Está la humanidad, pero no tanto la potencia, la contundencia, la sorpresa y el
extrañamiento que proviene de la necesidad de dejar muchas cosas al albur de la
mente de los lectores.
En
ese sentido, este Los perdonados, de Lawrence Osborne (Inglaterra, 1958),
sigue la misma estela. Osborne comparte un alma biográfica con Bowles: sintiéndose
extranjeros en su tierra de nacimiento, han buscado pertenecer a otras culturas
en las que el mestizaje les venía denegado, aunque solo fuera por el color de
la piel. Pertenecen a la estirpe de los hombres que sienten rápidamente que los
demás les ponemos plomo en las alas. Han viajado y han pretendido ser parte del
paraje al que se desplazaron. Y eso incluye Marruecos. El país magrebí cuenta
con mil razones para protagonizar una novela como en la que nos enfrascamos:
está demasiado próximo como para que resulten verosímiles las diferencias. Pero
las diferencias existen, tienen que ser creíbles, porque nos dan fe de ellas y
por lo que hemos llegado a saber a través de las visitas propias, y establecen
entre ambas sociedades una membrana impermeable.
Los
protagonistas de Los perdonados viajan por Marruecos y se ven en una
ardua tesitura moral que en España hemos conocido, muy de cerca, a través de la
película Muerte de un ciclista. Y así se confrontan tanto a las
asperezas de las relaciones entre el matrimonio como a las que surgen de la
distancia social que, inevitablemente, se instala entre ellos y el resto de la
humanidad: creer que nadie puede perdonarte te lleva, inevitablemente, a la
condena. De ahí que el conflicto sea personal y sea sociocultural. Es una tarea
moral de desahucio, de degradación, de corrosión, contra la que se empeña uno
en luchar sin tener ningún arma para enfrentarla. El espíritu universal será
humano y el territorial las diferencias. Sobre estos ejes Osborne construye una
novela muy correcta, en la que las sorpresas se nos entregan como en una carrera
de fondo, en la que el turismo vuelve a aparecer, como en sus otras obras, como
sinónimo de decadencia.

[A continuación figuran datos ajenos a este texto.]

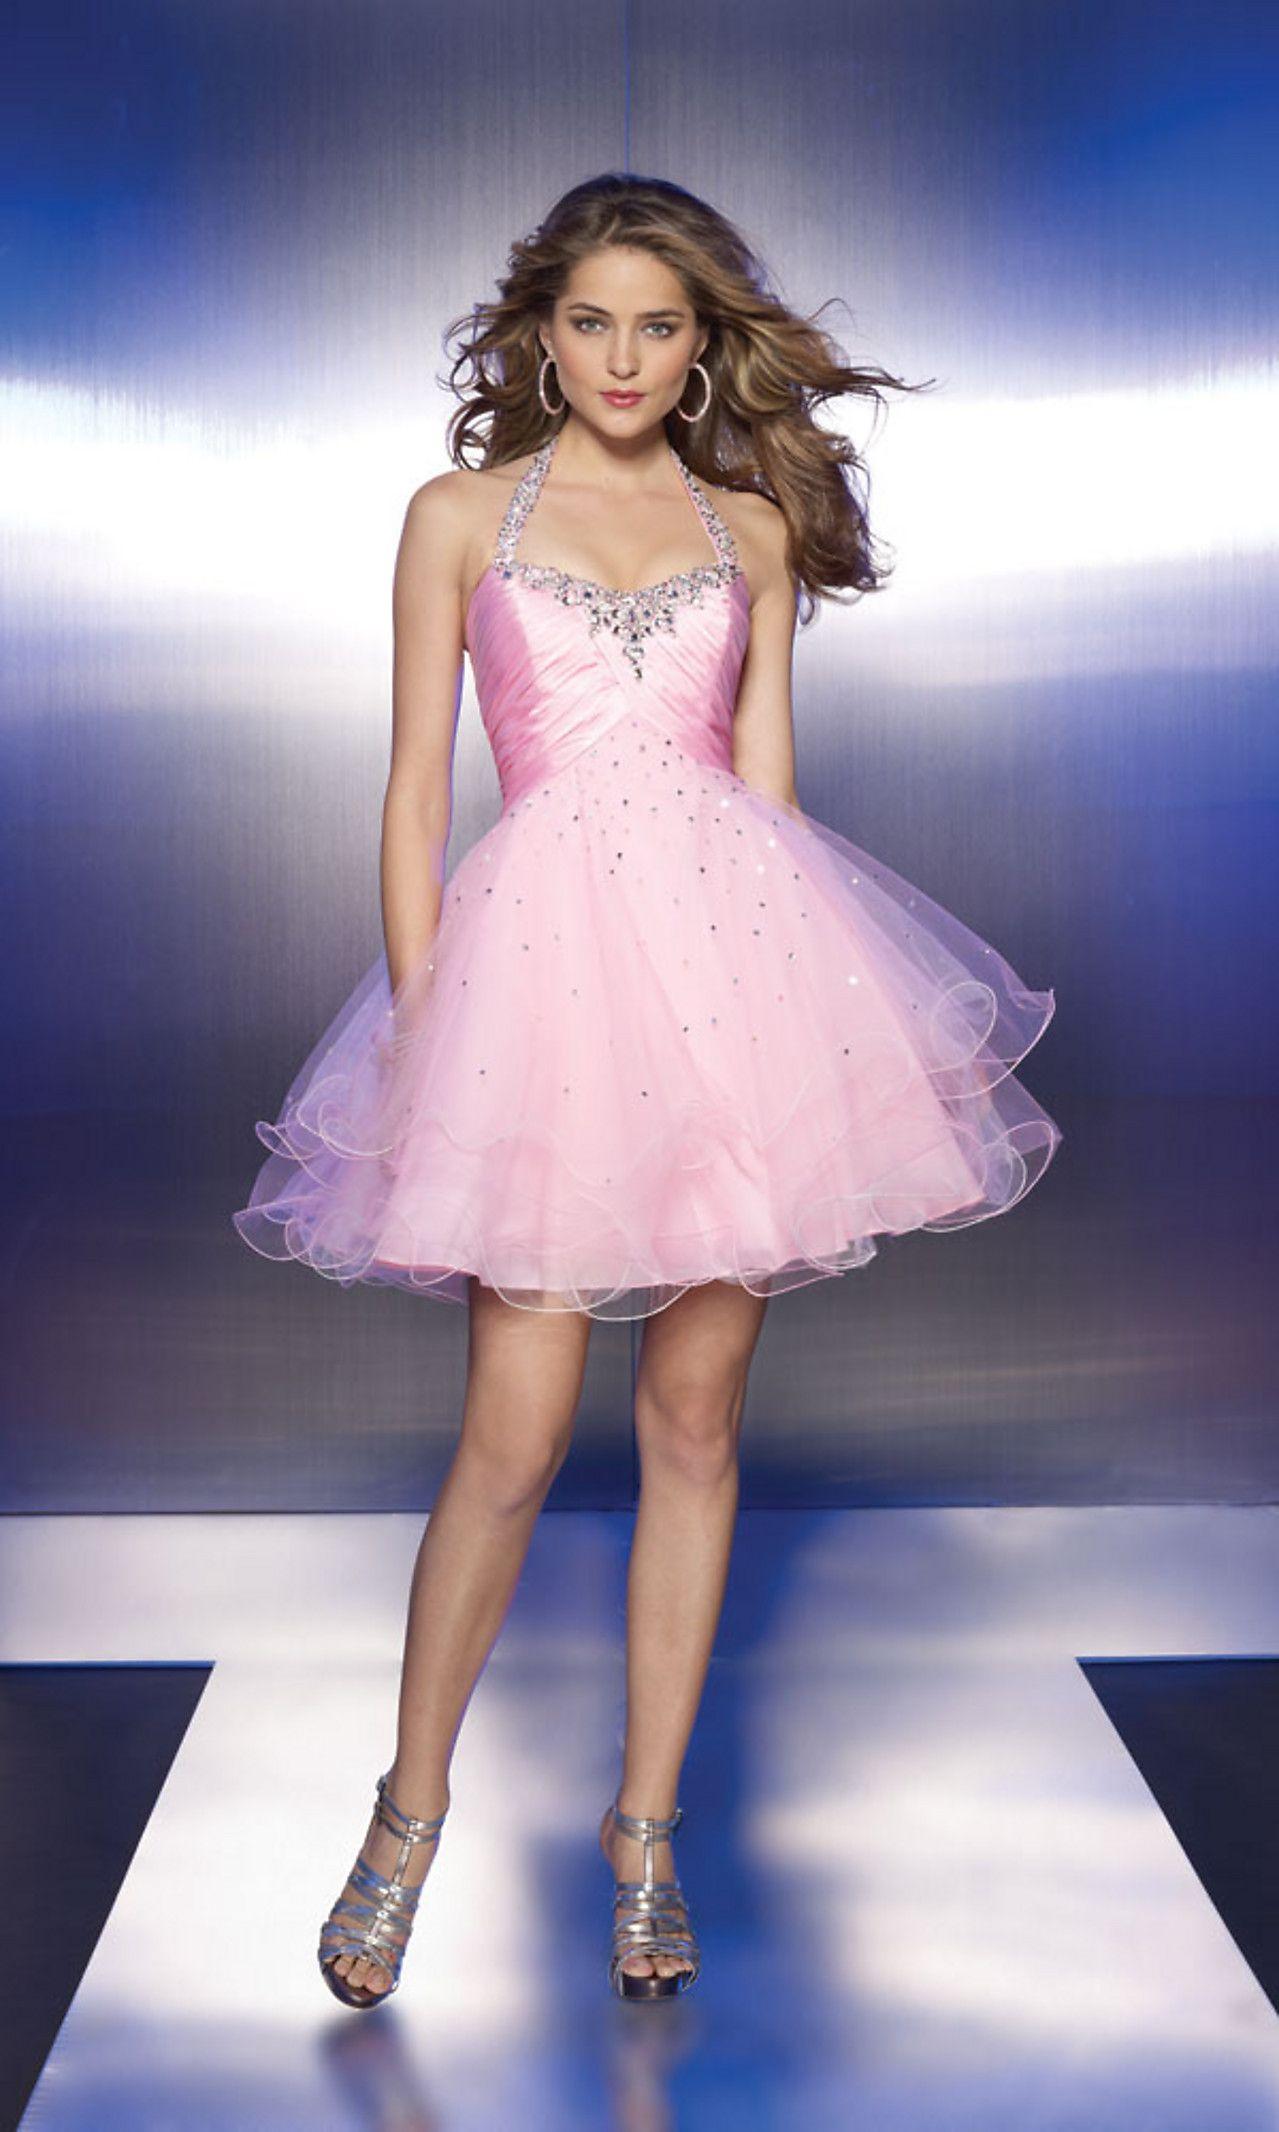 Halter Top Short | dresses I want :) | Pinterest | Short tulle dress ...

La obra no se termina de ubicar en ningún tiempo, pero
bien podría situarse en los tiempos de Paul Bowles o en los de Lawrence Osborne:
llevarla a un territorio extraño, que jamás llegaremos a comprender por culpa
de nuestros inevitables (e irreconocibles) prejuicios, es un acierto atemporal.
Enfrentarnos a ellos, a los prejuicios, es algo que apenas puede conseguirse de
no ser gracias a la literatura. Es en este aspecto en el que más destaca la
novela.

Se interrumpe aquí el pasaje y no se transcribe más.